Transcribe the closing lines of the listing exactly, starting at the one that contains "instrument panel dimmer" and including the last.

....

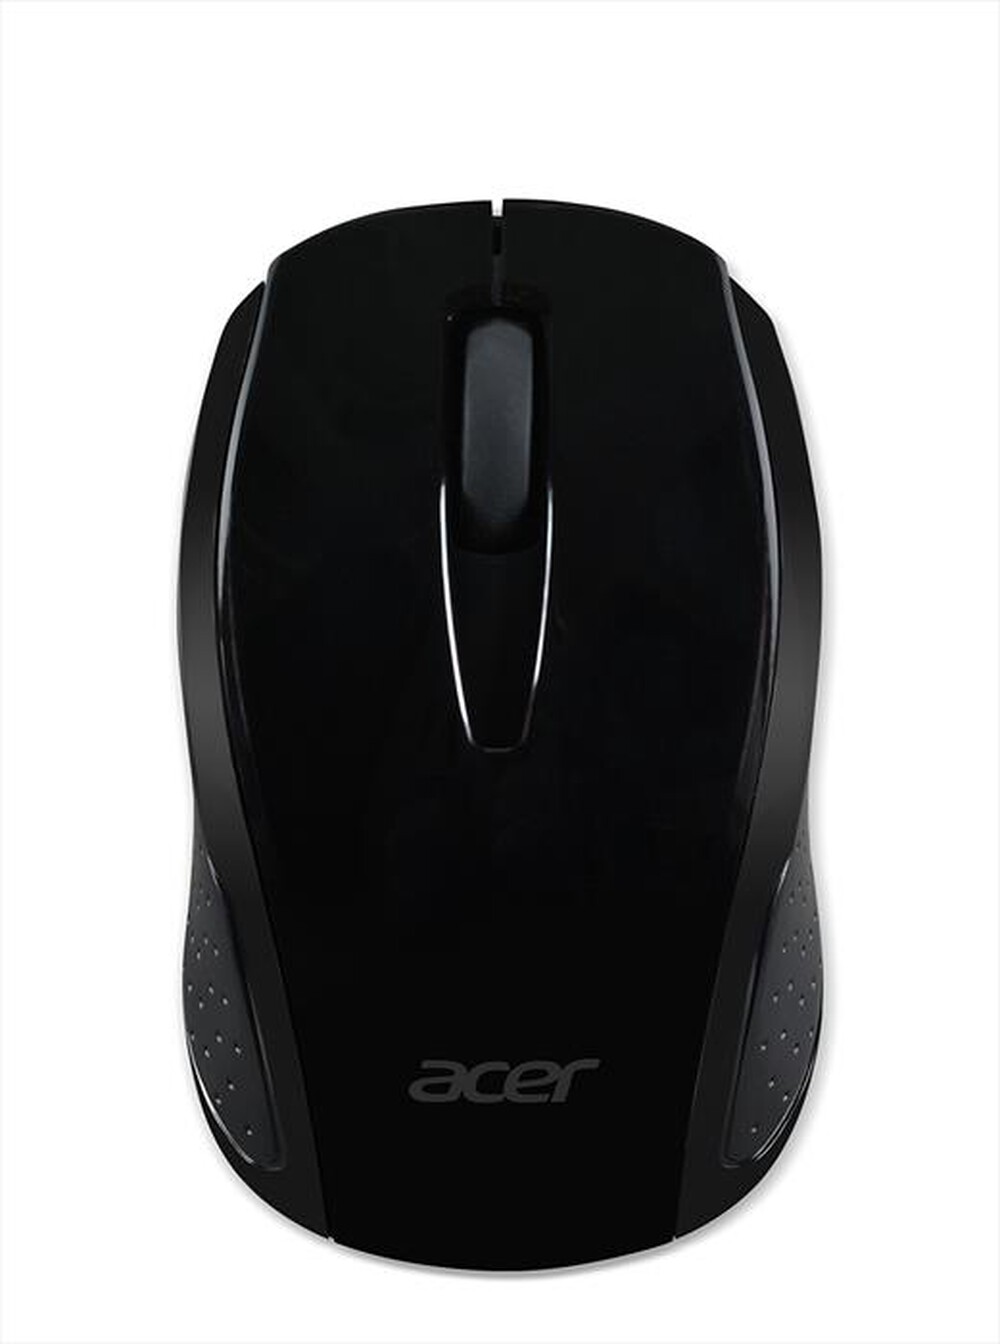 "ACER - 15.6\" ACER STARTER KIT CARRYING BAG WIRELESS MOUSE-Nero"
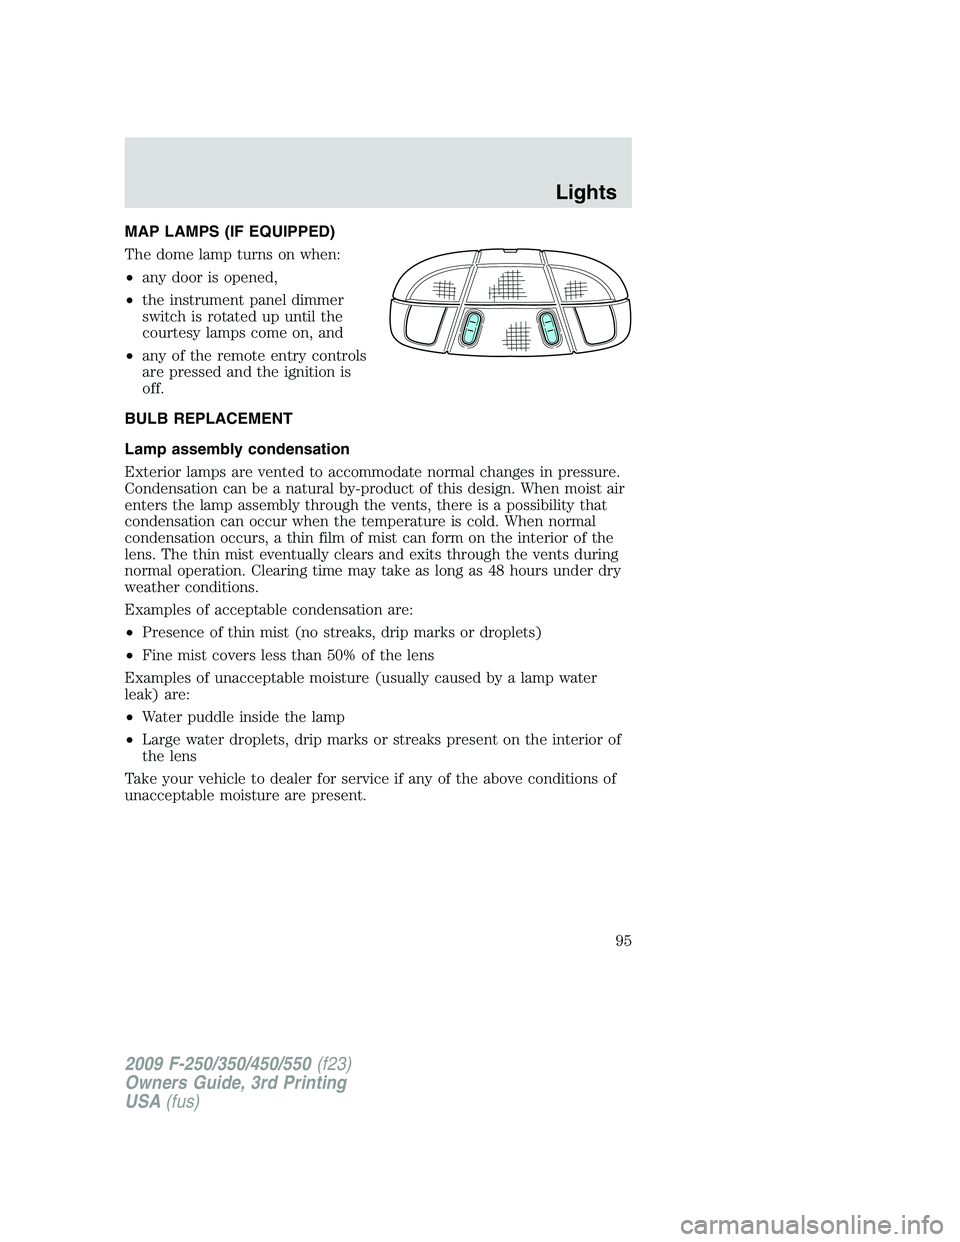 FORD F250 2009  Owners Manual MAP LAMPS (IF EQUIPPED)
The dome lamp turns on when:
•any door is opened,
•the instrument panel dimmer
switch is rotated up until the
courtesy lamps come on, and
•any of the remote entry control

....

● ANSWER BELOW
•the instrument panel dimmer
switch is rotated up until the
courtesy lamps come on, and
•any of the remote entry control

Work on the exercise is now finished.